◆ INPUT FOR THIS TASK:

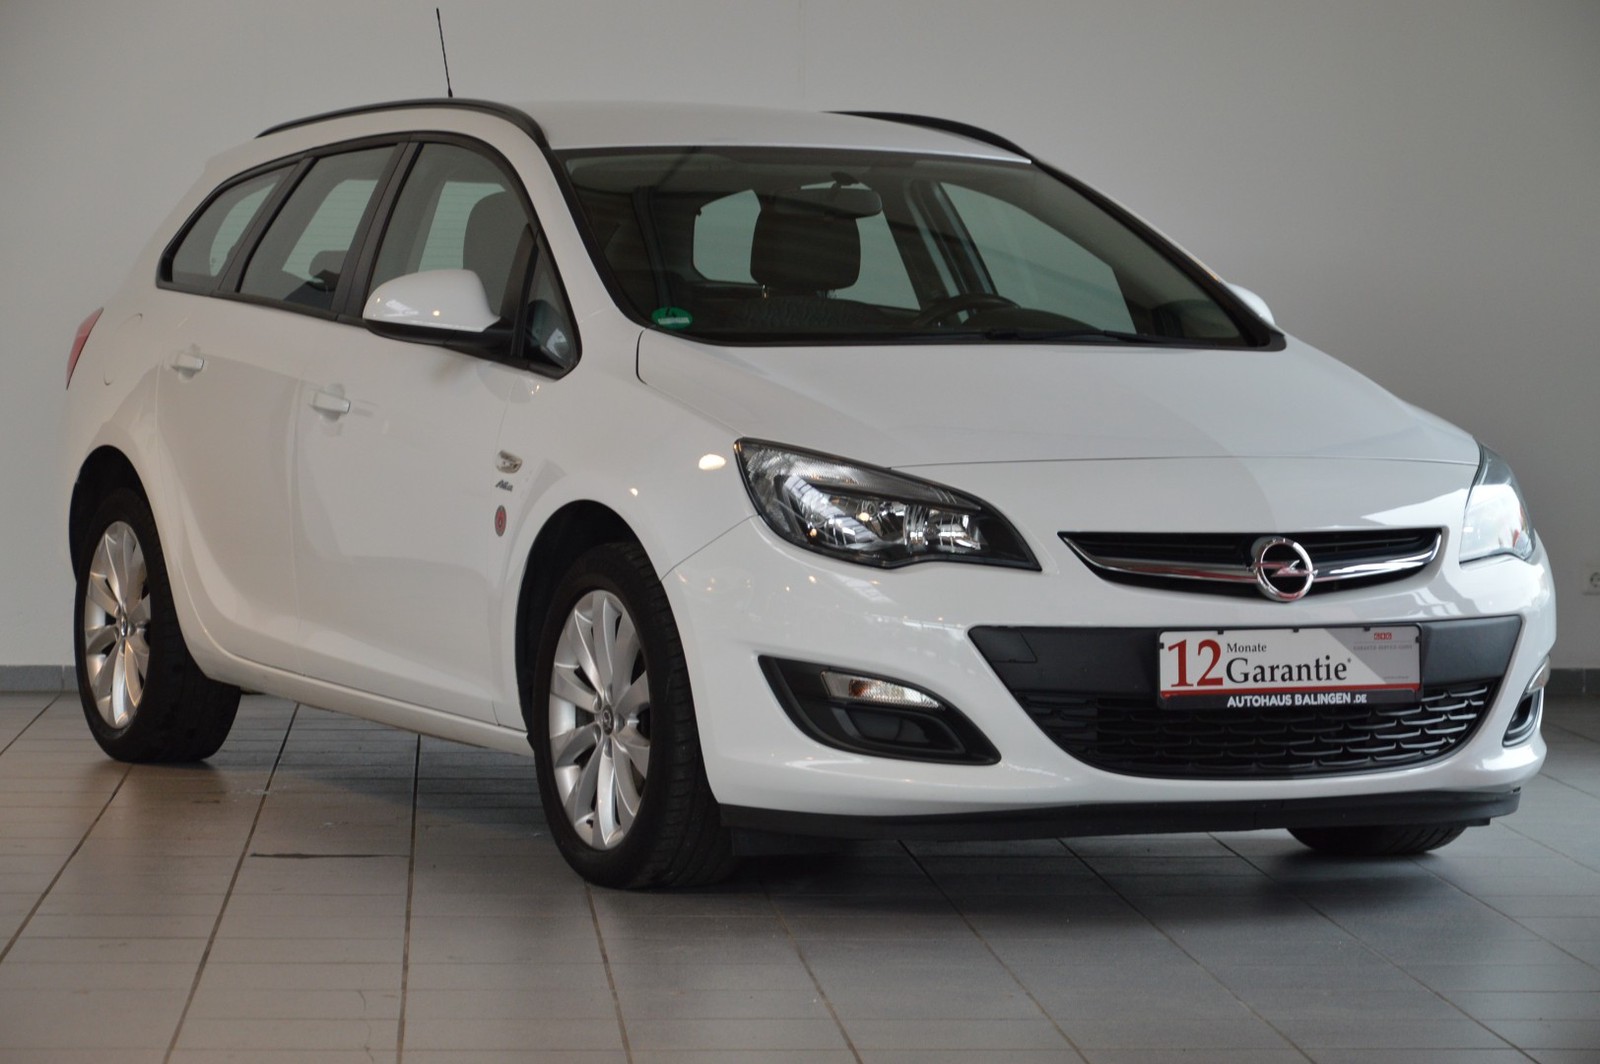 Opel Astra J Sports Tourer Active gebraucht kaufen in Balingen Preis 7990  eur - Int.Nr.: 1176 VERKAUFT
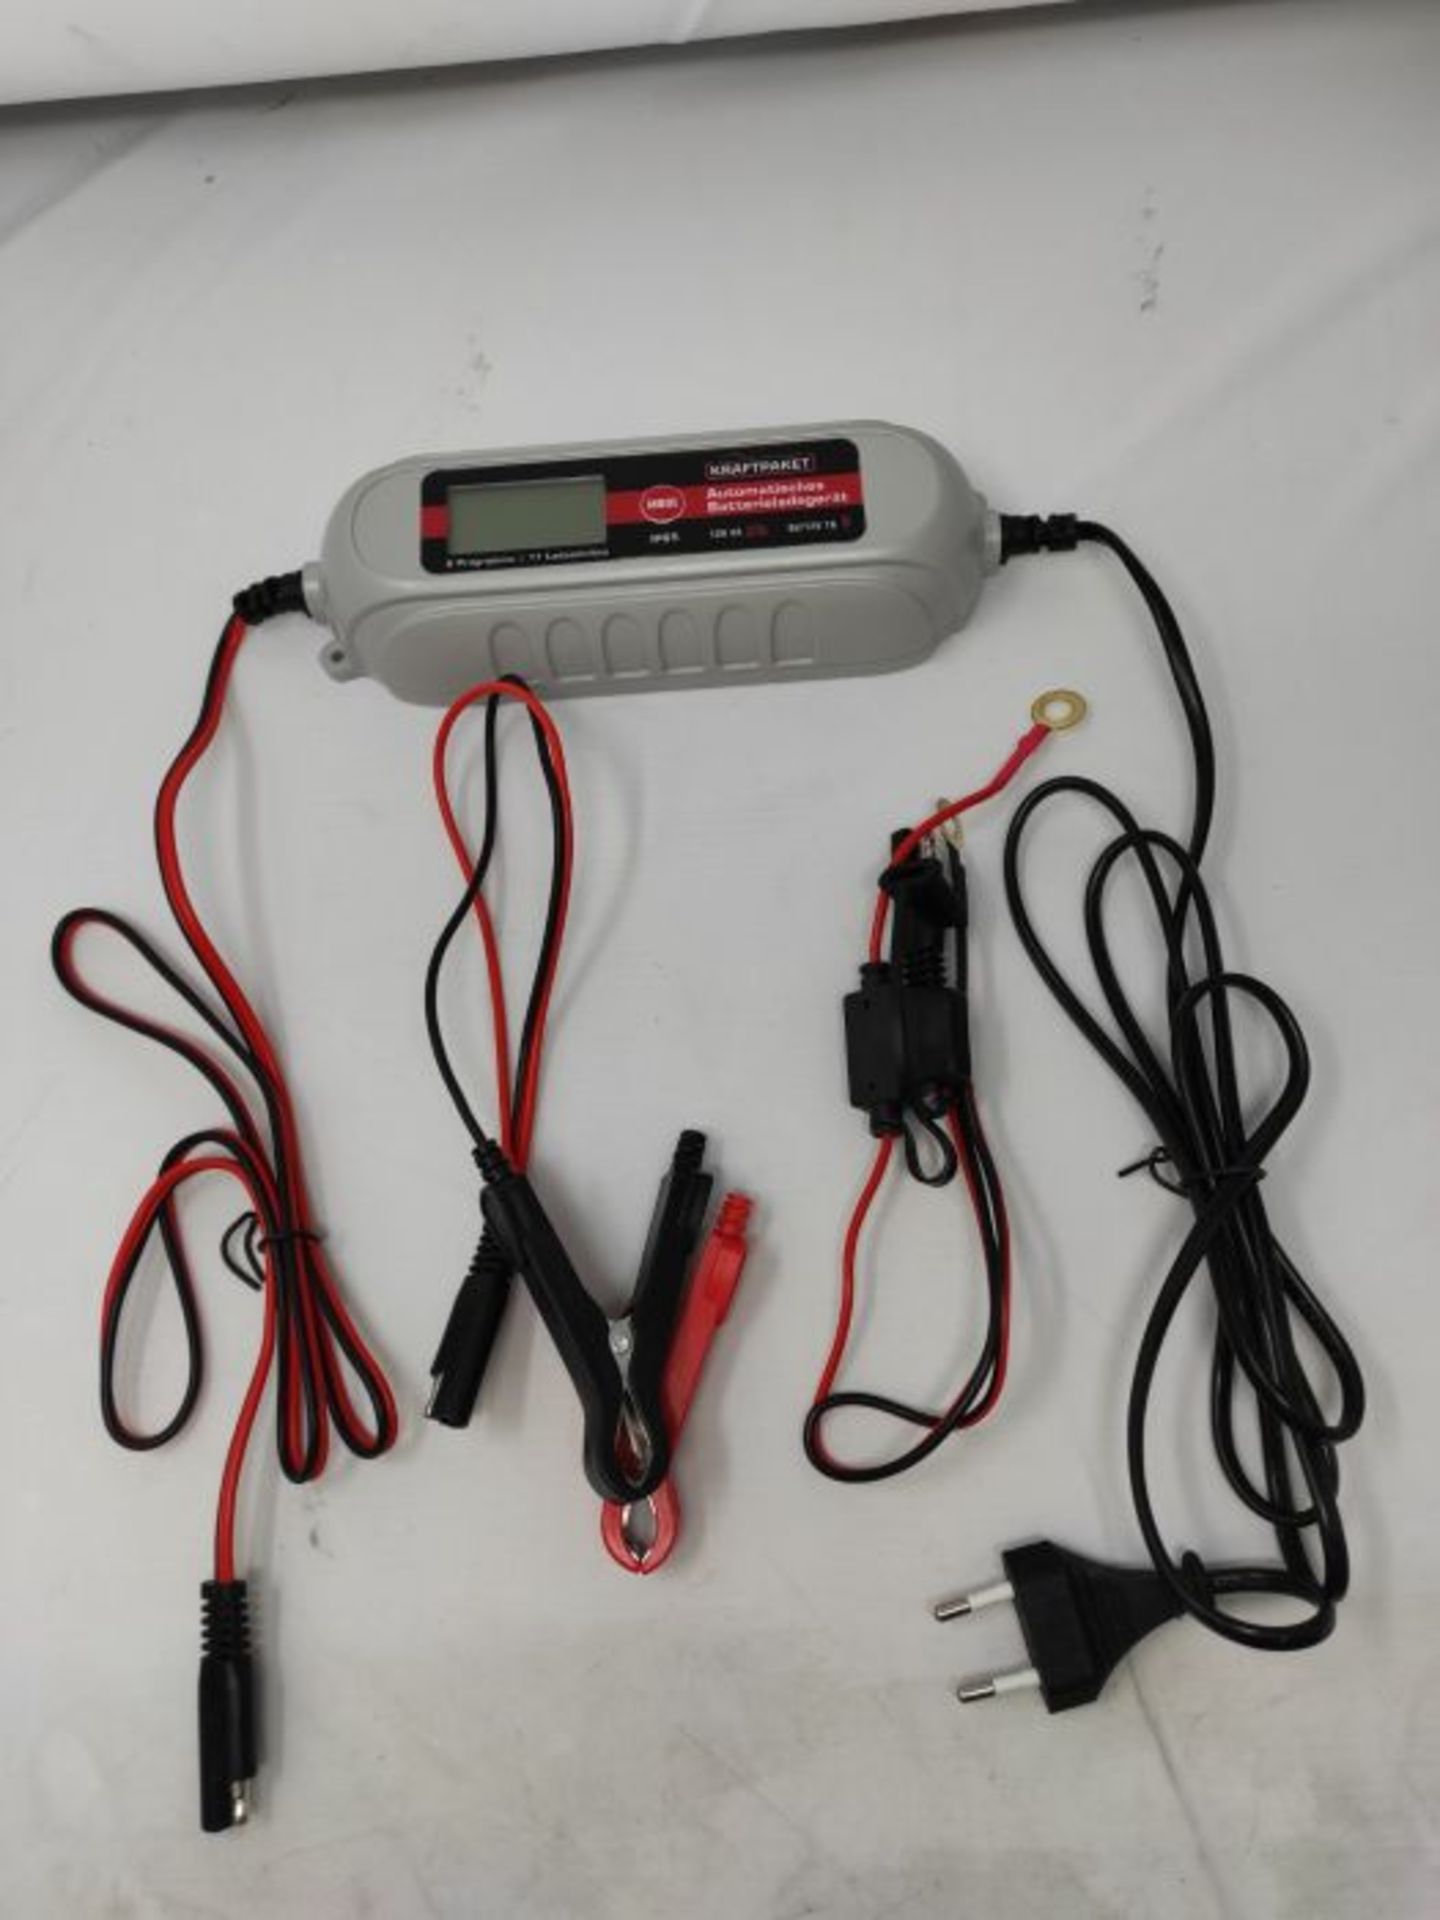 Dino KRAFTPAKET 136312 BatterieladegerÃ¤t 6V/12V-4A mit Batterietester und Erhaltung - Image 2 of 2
--
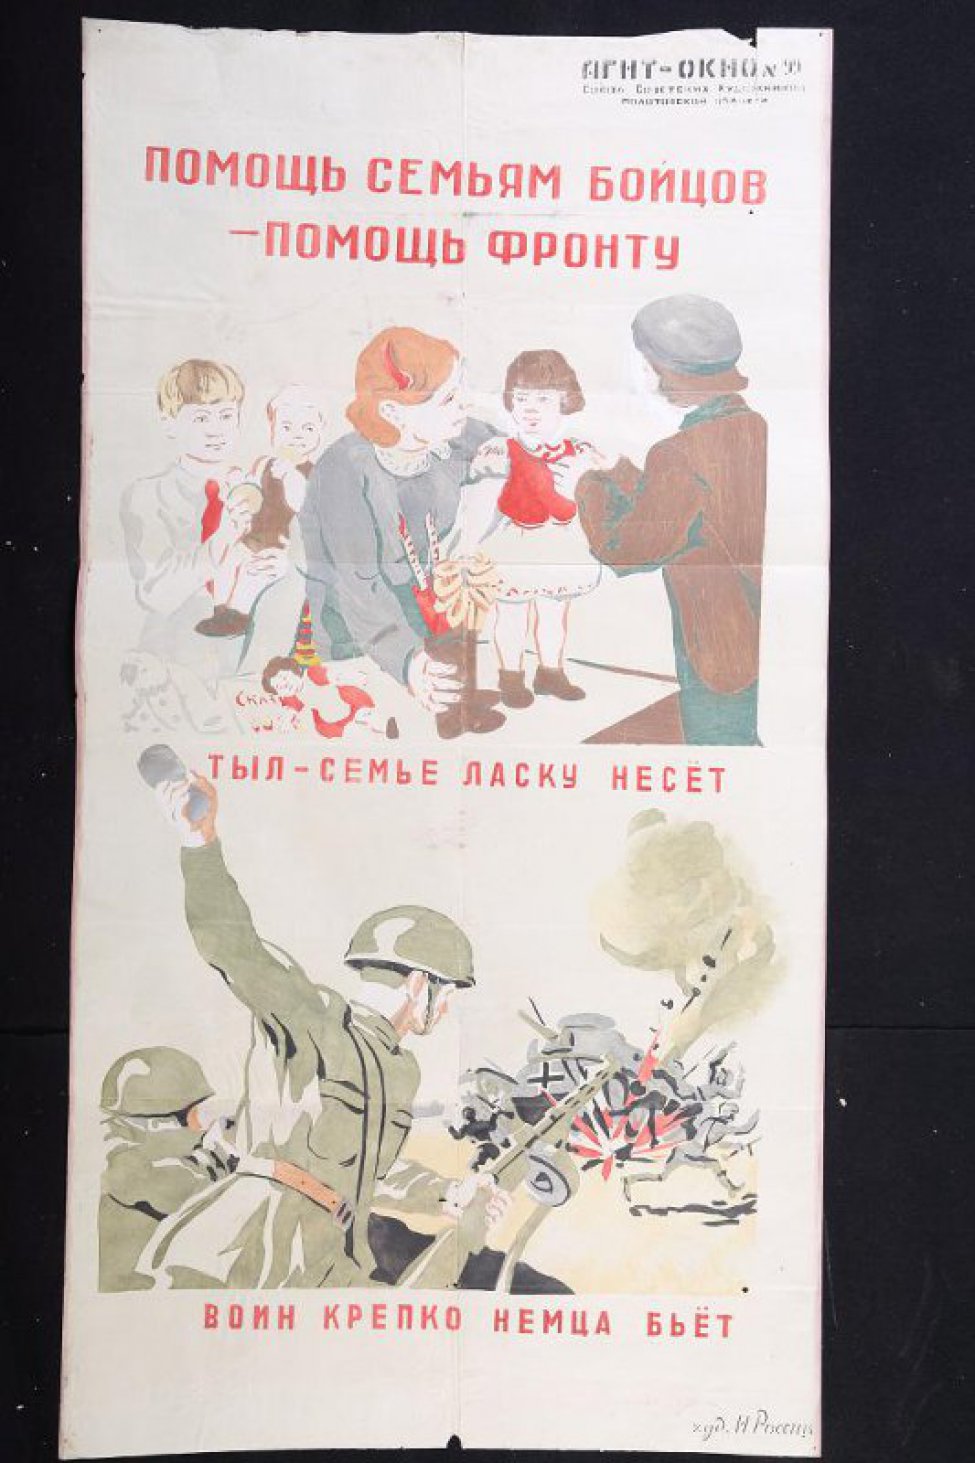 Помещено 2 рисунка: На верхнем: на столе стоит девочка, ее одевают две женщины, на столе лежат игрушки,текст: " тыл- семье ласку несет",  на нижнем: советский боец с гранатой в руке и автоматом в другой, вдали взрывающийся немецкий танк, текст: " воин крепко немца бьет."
---
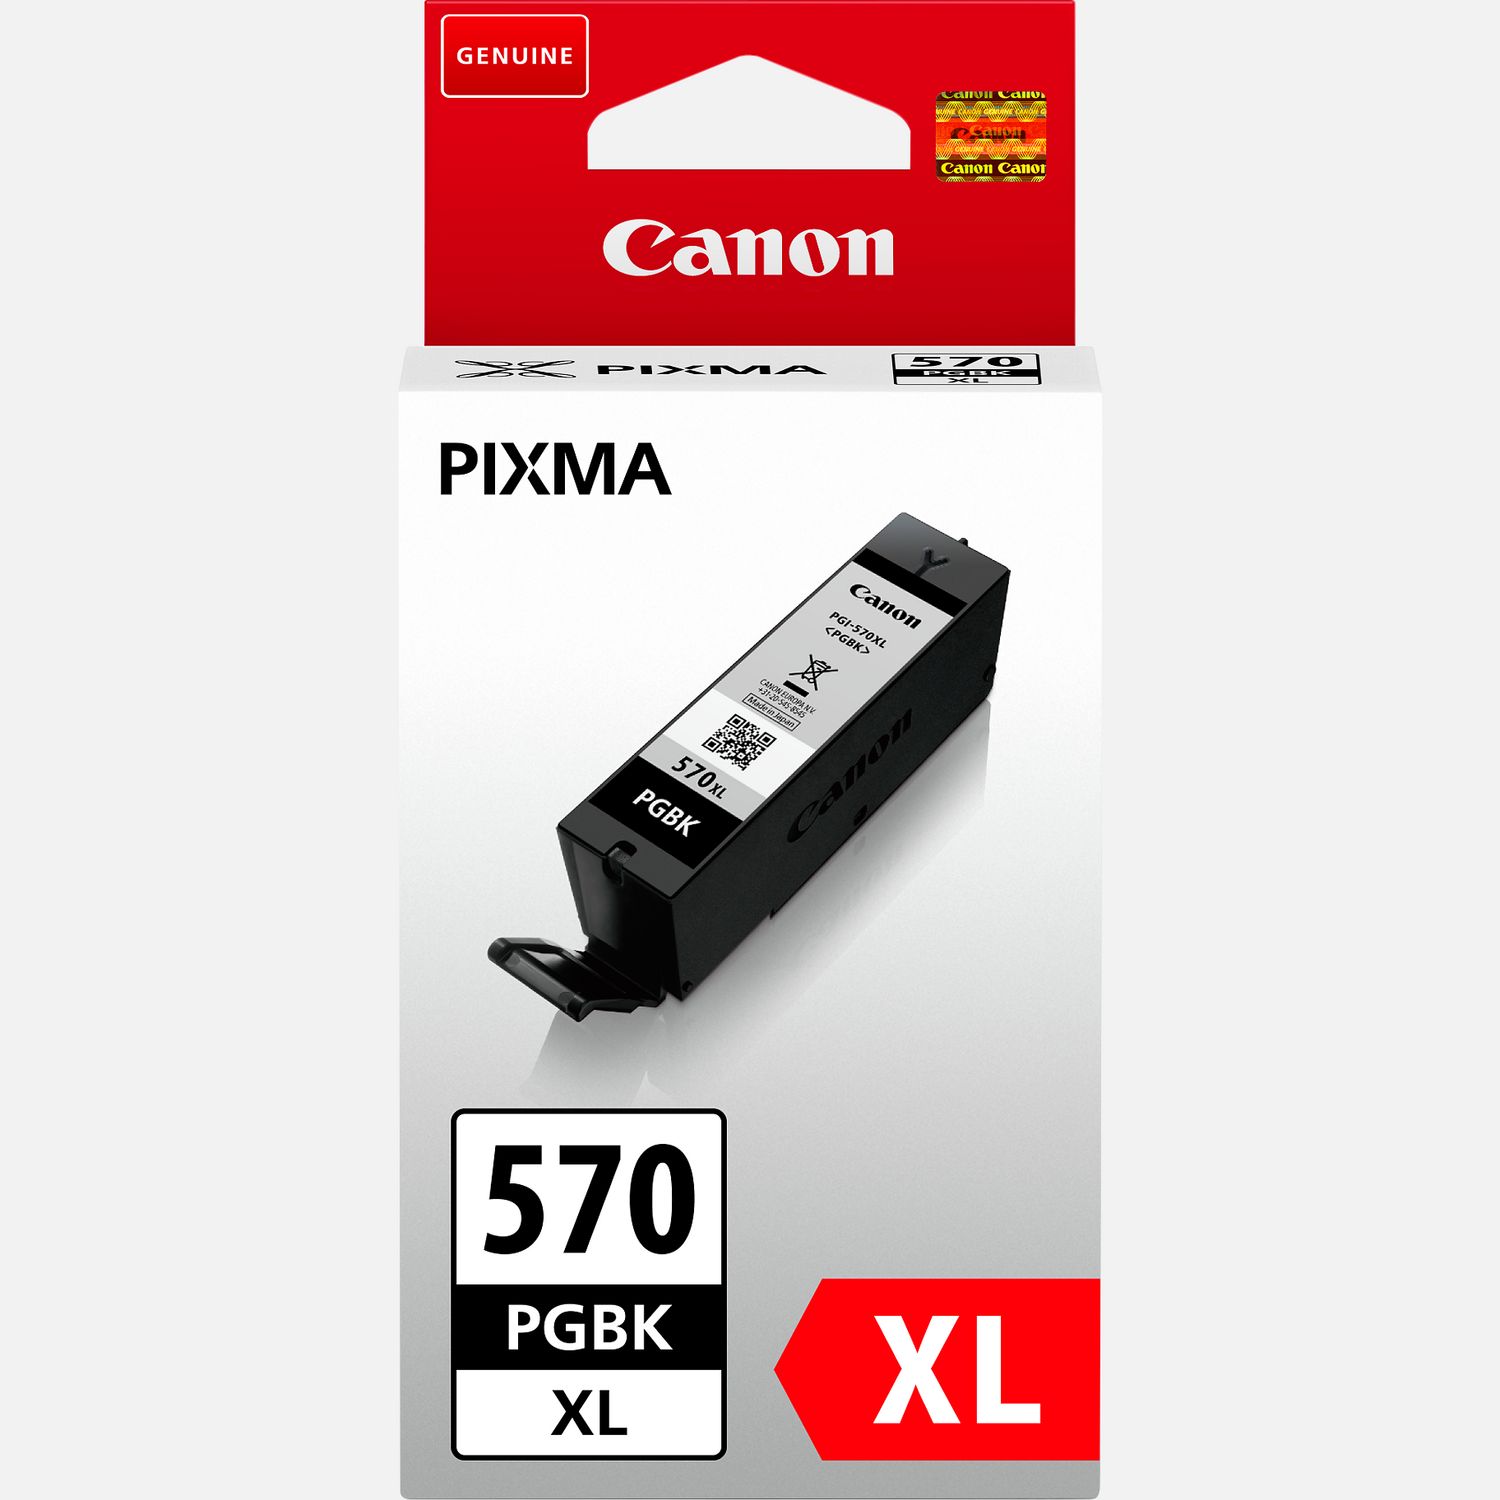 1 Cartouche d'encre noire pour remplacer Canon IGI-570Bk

◆ WHAT THE EXERCISE ASKS: Above are the records; please give again, exactly and in full, only the lines that run from the line with "Opel Astra J" through the line with "Dino KRAFTPAKET 136312", with no pictures.

◆ EXERCISE OUTPUT:
 Opel Astra J Sports Tourer Active gebraucht kaufen in Balingen Preis 7990  eur - Int.Nr.: 1176 VERKAUFT
 Dino KRAFTPAKET 136312 BatterieladegerÃ¤t 6V/12V-4A mit Batterietester und Erhaltung - Image 2 of 2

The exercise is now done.